Instructions for the task: In the data below, reproduce everything exactly except the images.

Data excerpt:
____
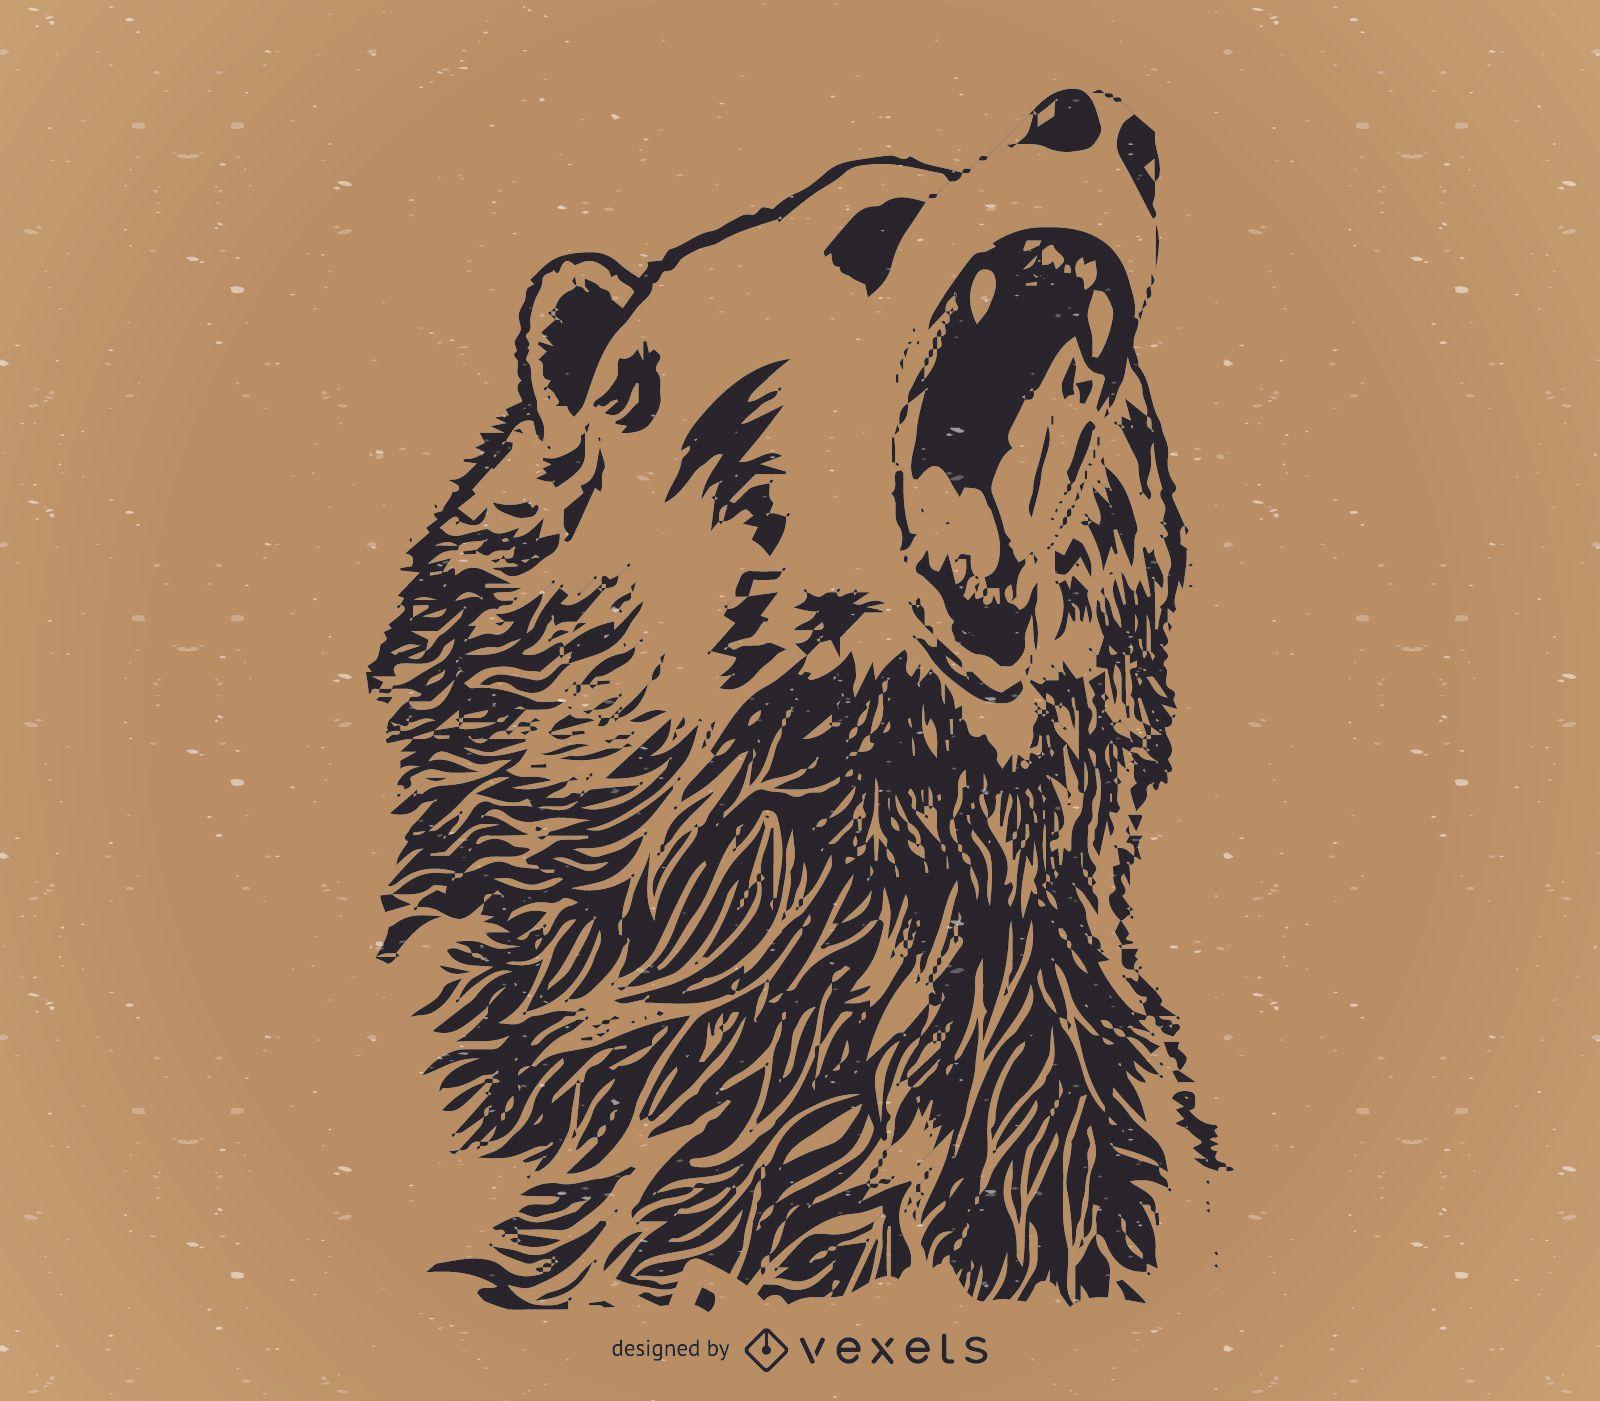 Dise?o de oso aullador
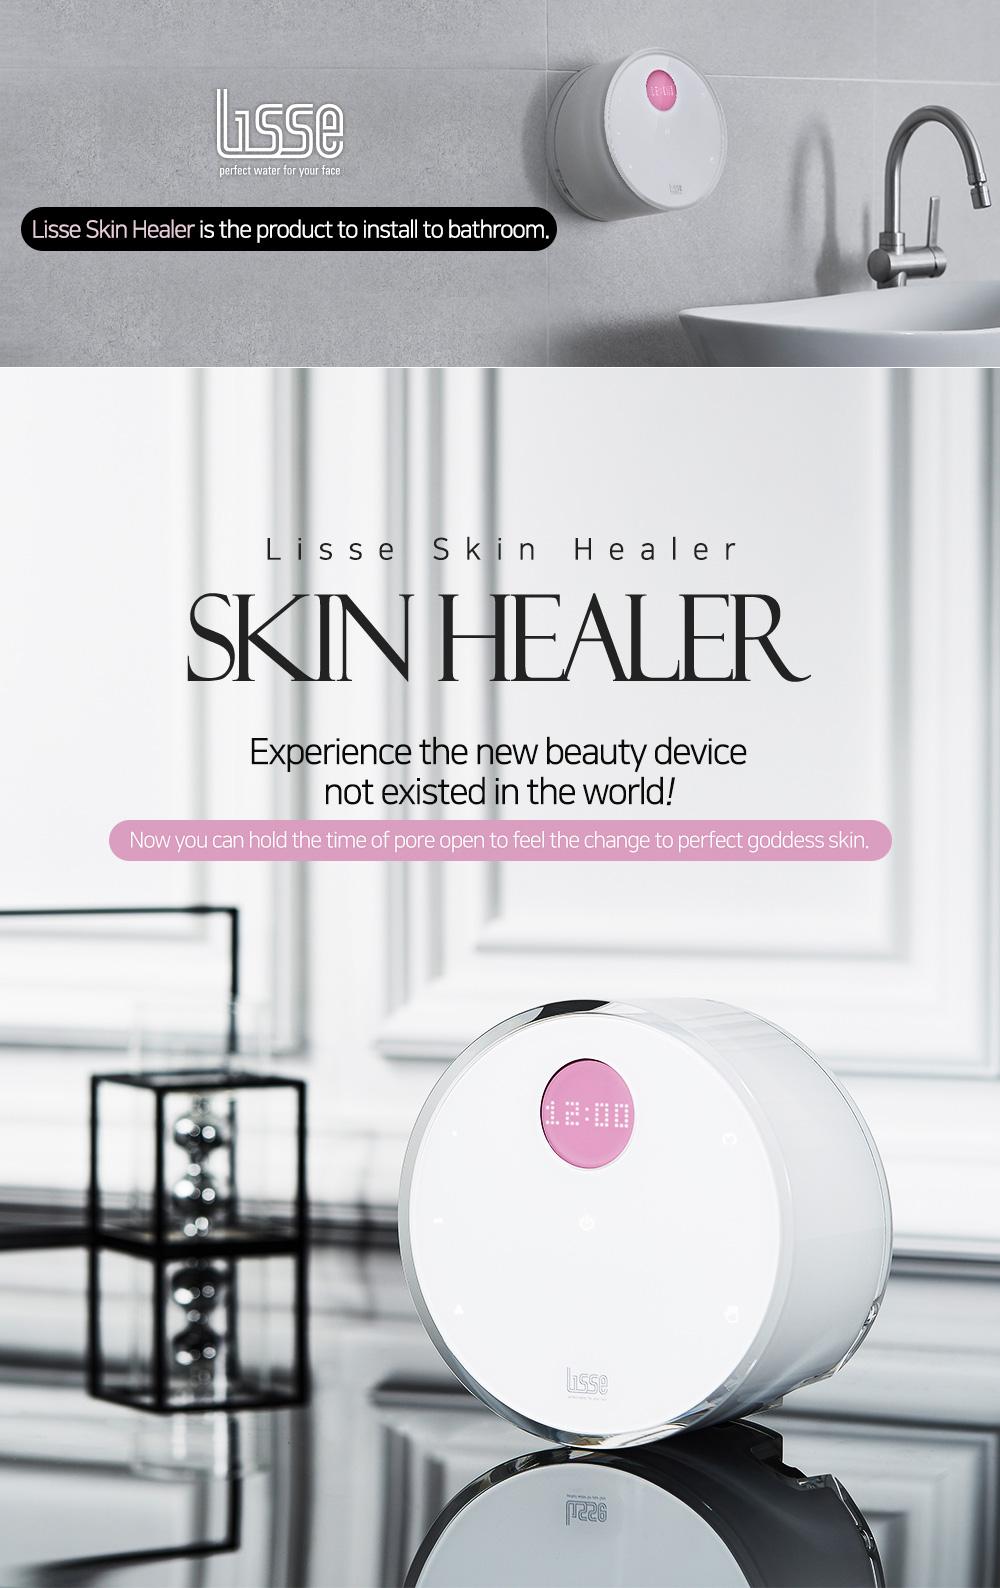 Skin healer
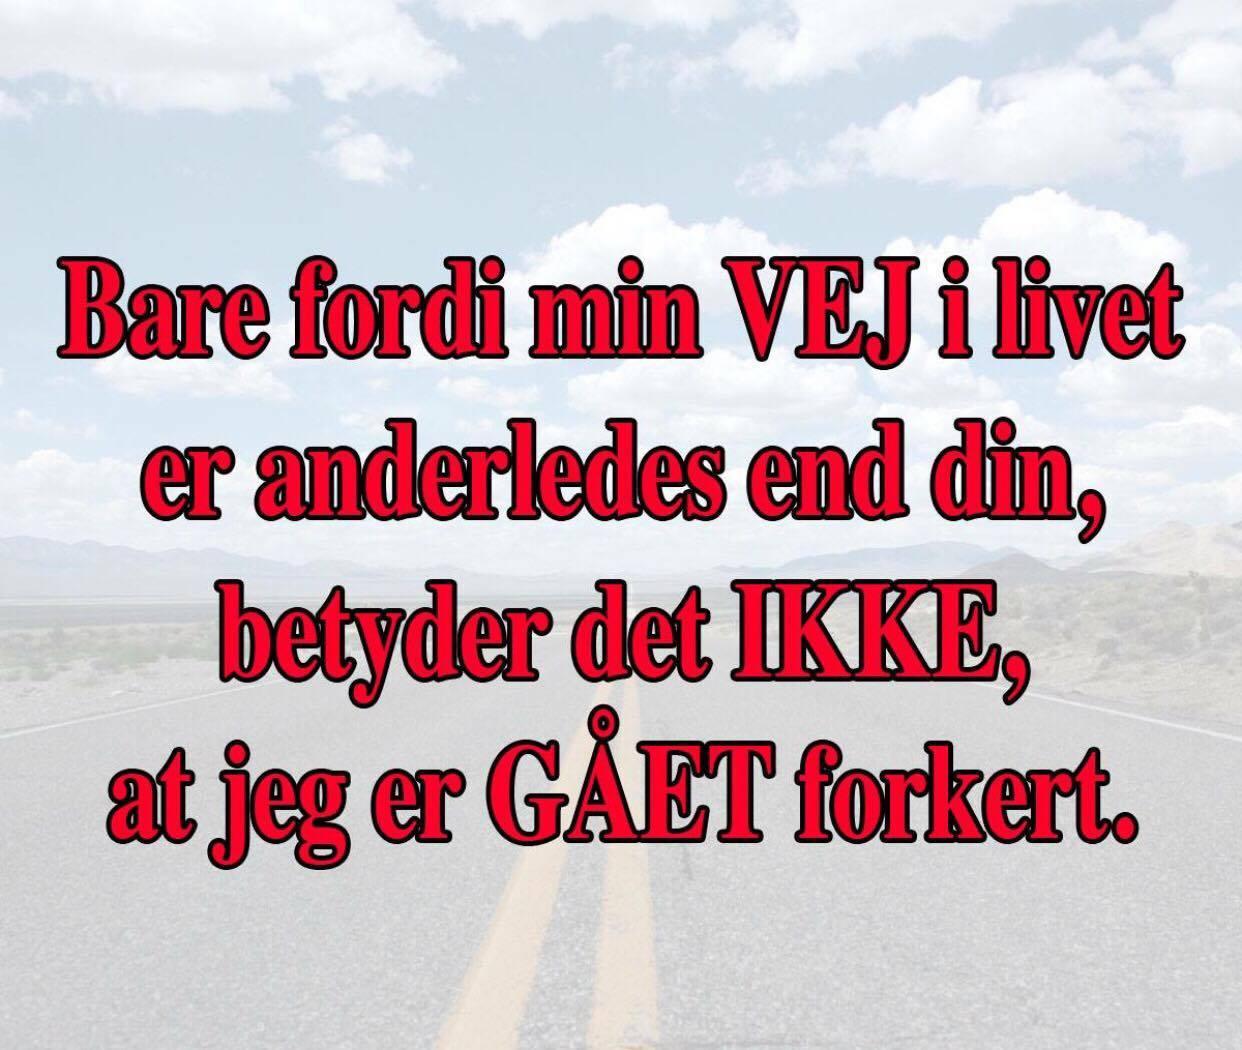 citater om livet og kærlighed livet   Danmarks smukkeste citater, Kærlighed.nu besøg os i dag citater om livet og kærlighed
____
Written solution:
 Dise?o de oso aullador
 Skin healer
 citater om livet og kærlighed livet   Danmarks smukkeste citater, Kærlighed.nu besøg os i dag citater om livet og kærlighed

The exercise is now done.